# Task to complete:
Could you set down the listing below exactly and omit its images?

# Recorded information:

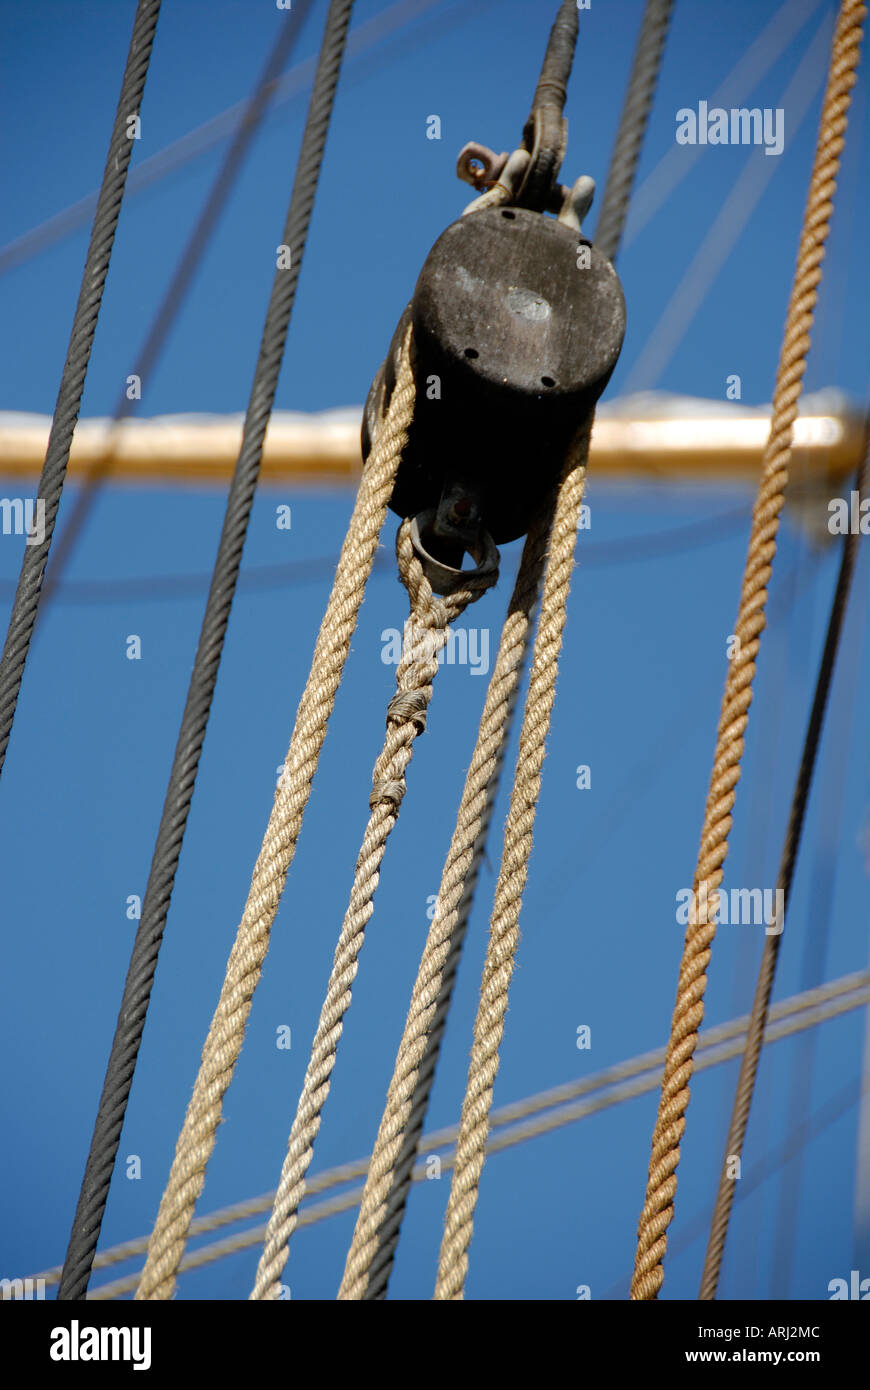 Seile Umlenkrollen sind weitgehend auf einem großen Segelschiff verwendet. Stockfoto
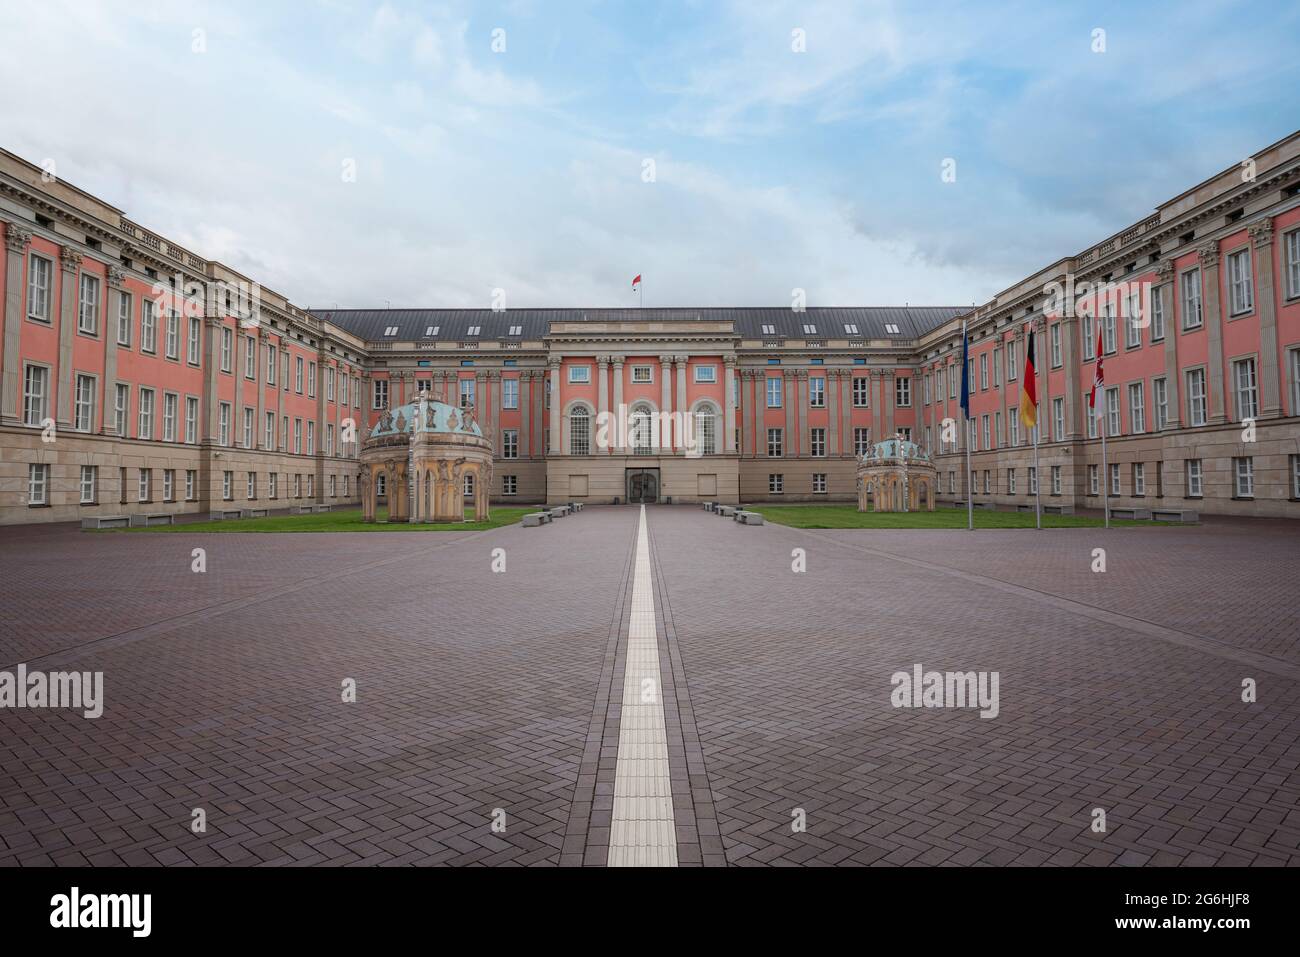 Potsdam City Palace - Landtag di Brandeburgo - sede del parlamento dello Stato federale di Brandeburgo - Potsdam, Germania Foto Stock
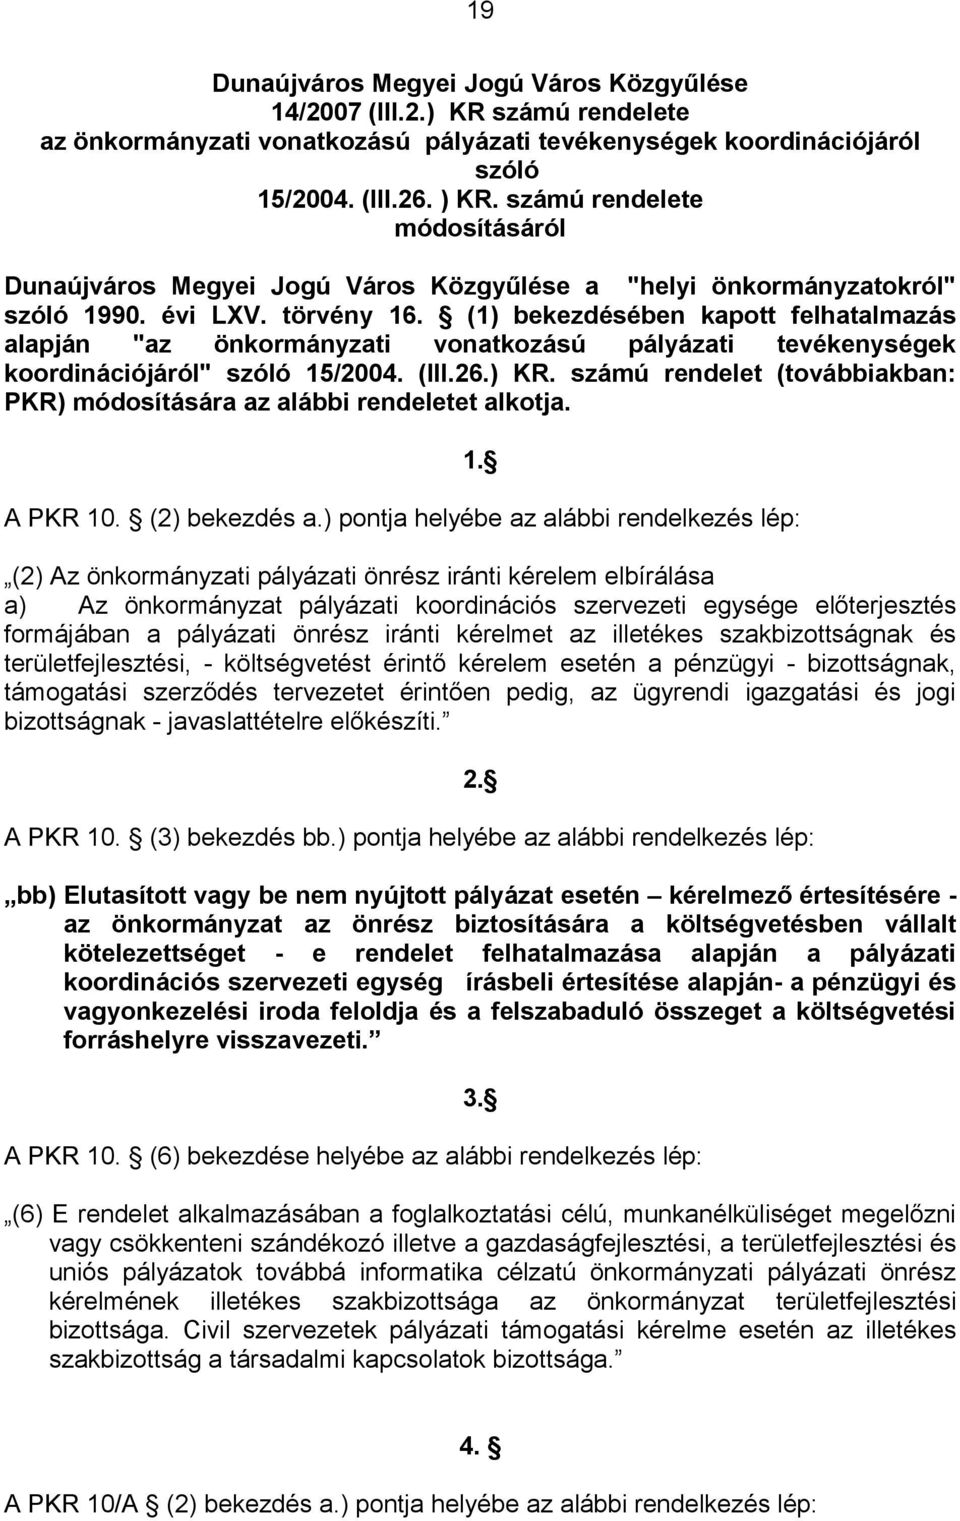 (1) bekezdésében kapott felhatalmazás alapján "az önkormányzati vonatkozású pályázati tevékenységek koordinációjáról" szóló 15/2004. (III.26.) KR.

# Expected answer:
 Seile Umlenkrollen sind weitgehend auf einem großen Segelschiff verwendet. Stockfoto
 Potsdam City Palace - Landtag di Brandeburgo - sede del parlamento dello Stato federale di Brandeburgo - Potsdam, Germania Foto Stock
 (1) bekezdésében kapott felhatalmazás alapján "az önkormányzati vonatkozású pályázati tevékenységek koordinációjáról" szóló 15/2004. (III.26.) KR.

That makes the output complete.